PROMPT »
Reproduce, exactly and only, the lines of the data that follows from the one containing "II Asamblea de Mujeres Electas Vascas" down to the one containing "Uomo impianti di", without pictures.
##### DATA
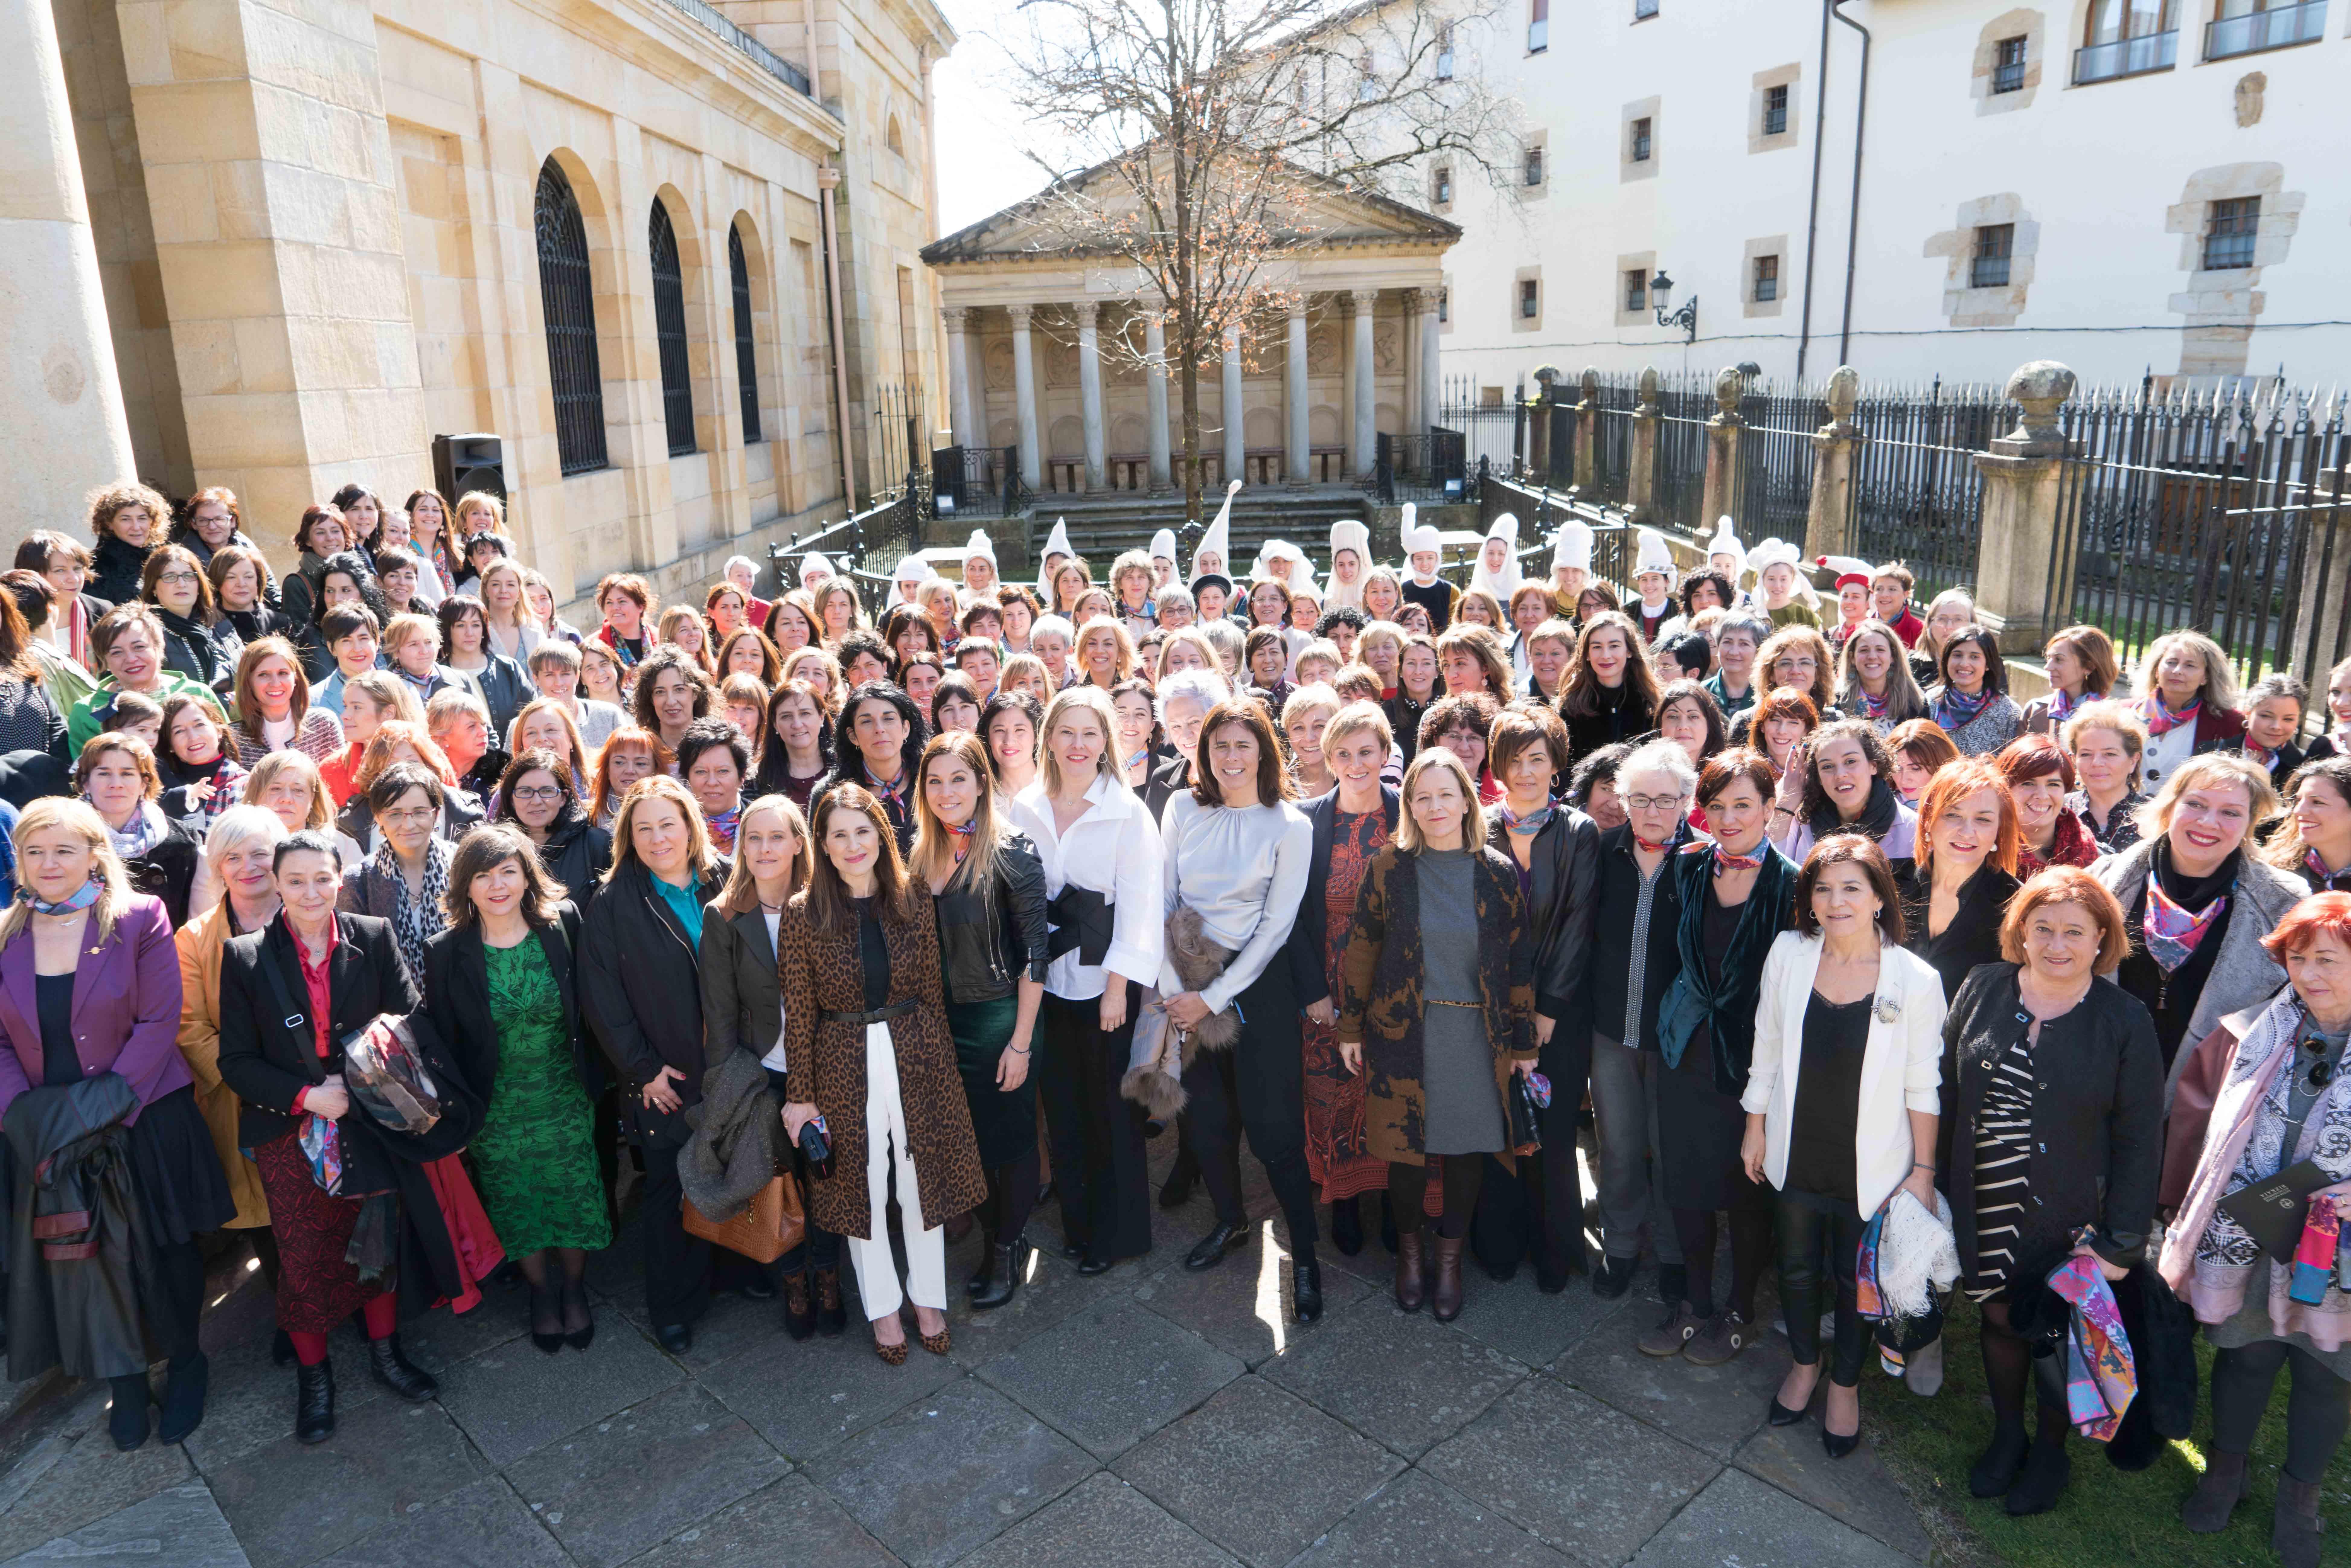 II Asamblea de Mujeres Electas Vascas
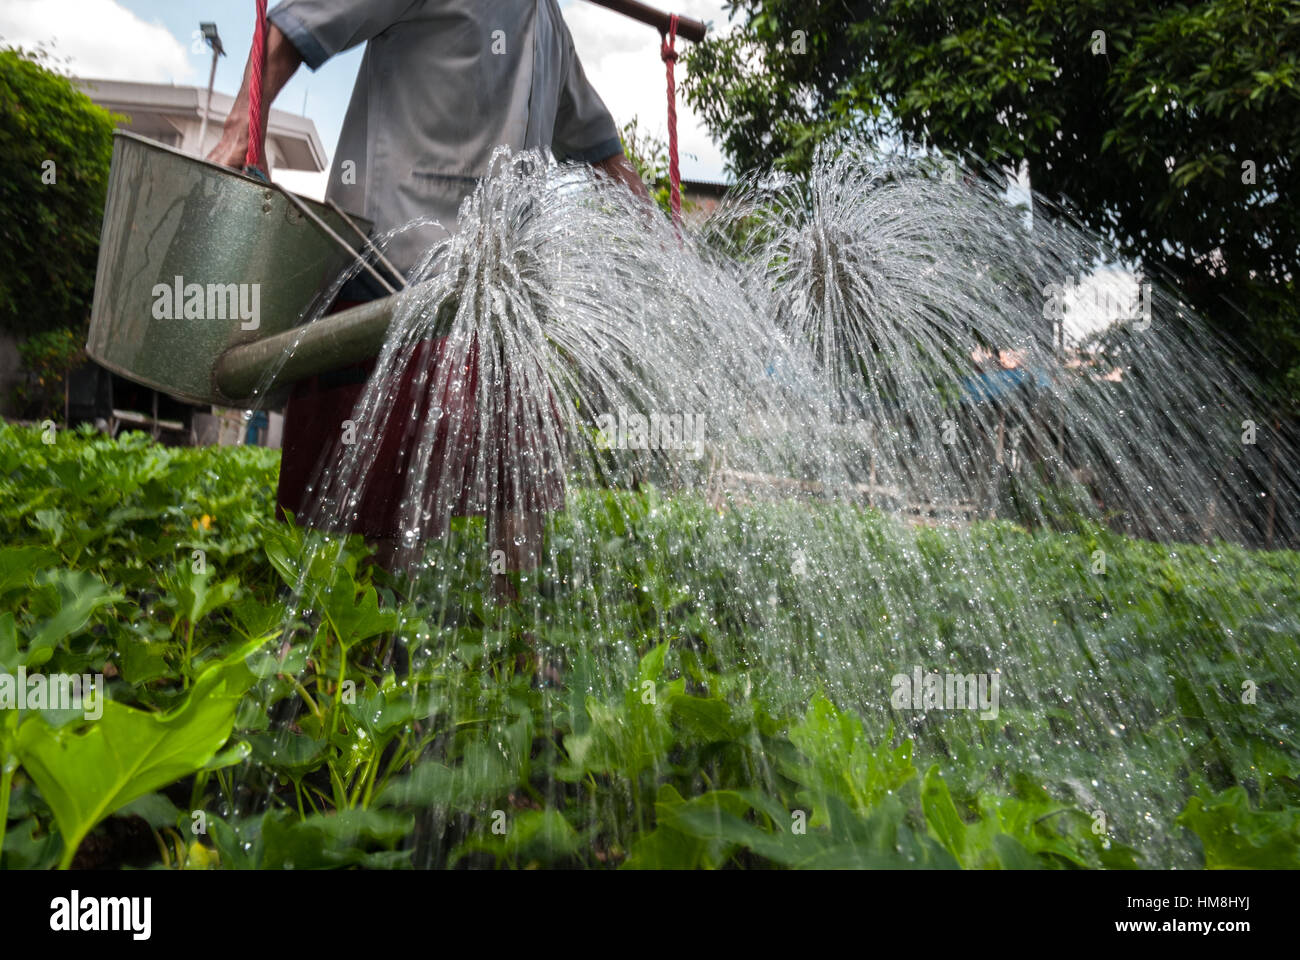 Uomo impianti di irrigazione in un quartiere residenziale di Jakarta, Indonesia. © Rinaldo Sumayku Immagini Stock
##########
##### DATA
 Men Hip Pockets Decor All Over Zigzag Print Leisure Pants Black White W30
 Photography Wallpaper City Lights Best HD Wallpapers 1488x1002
##########
TASK SOLUTION »
 II Asamblea de Mujeres Electas Vascas
 Uomo impianti di irrigazione in un quartiere residenziale di Jakarta, Indonesia. © Rinaldo Sumayku Immagini Stock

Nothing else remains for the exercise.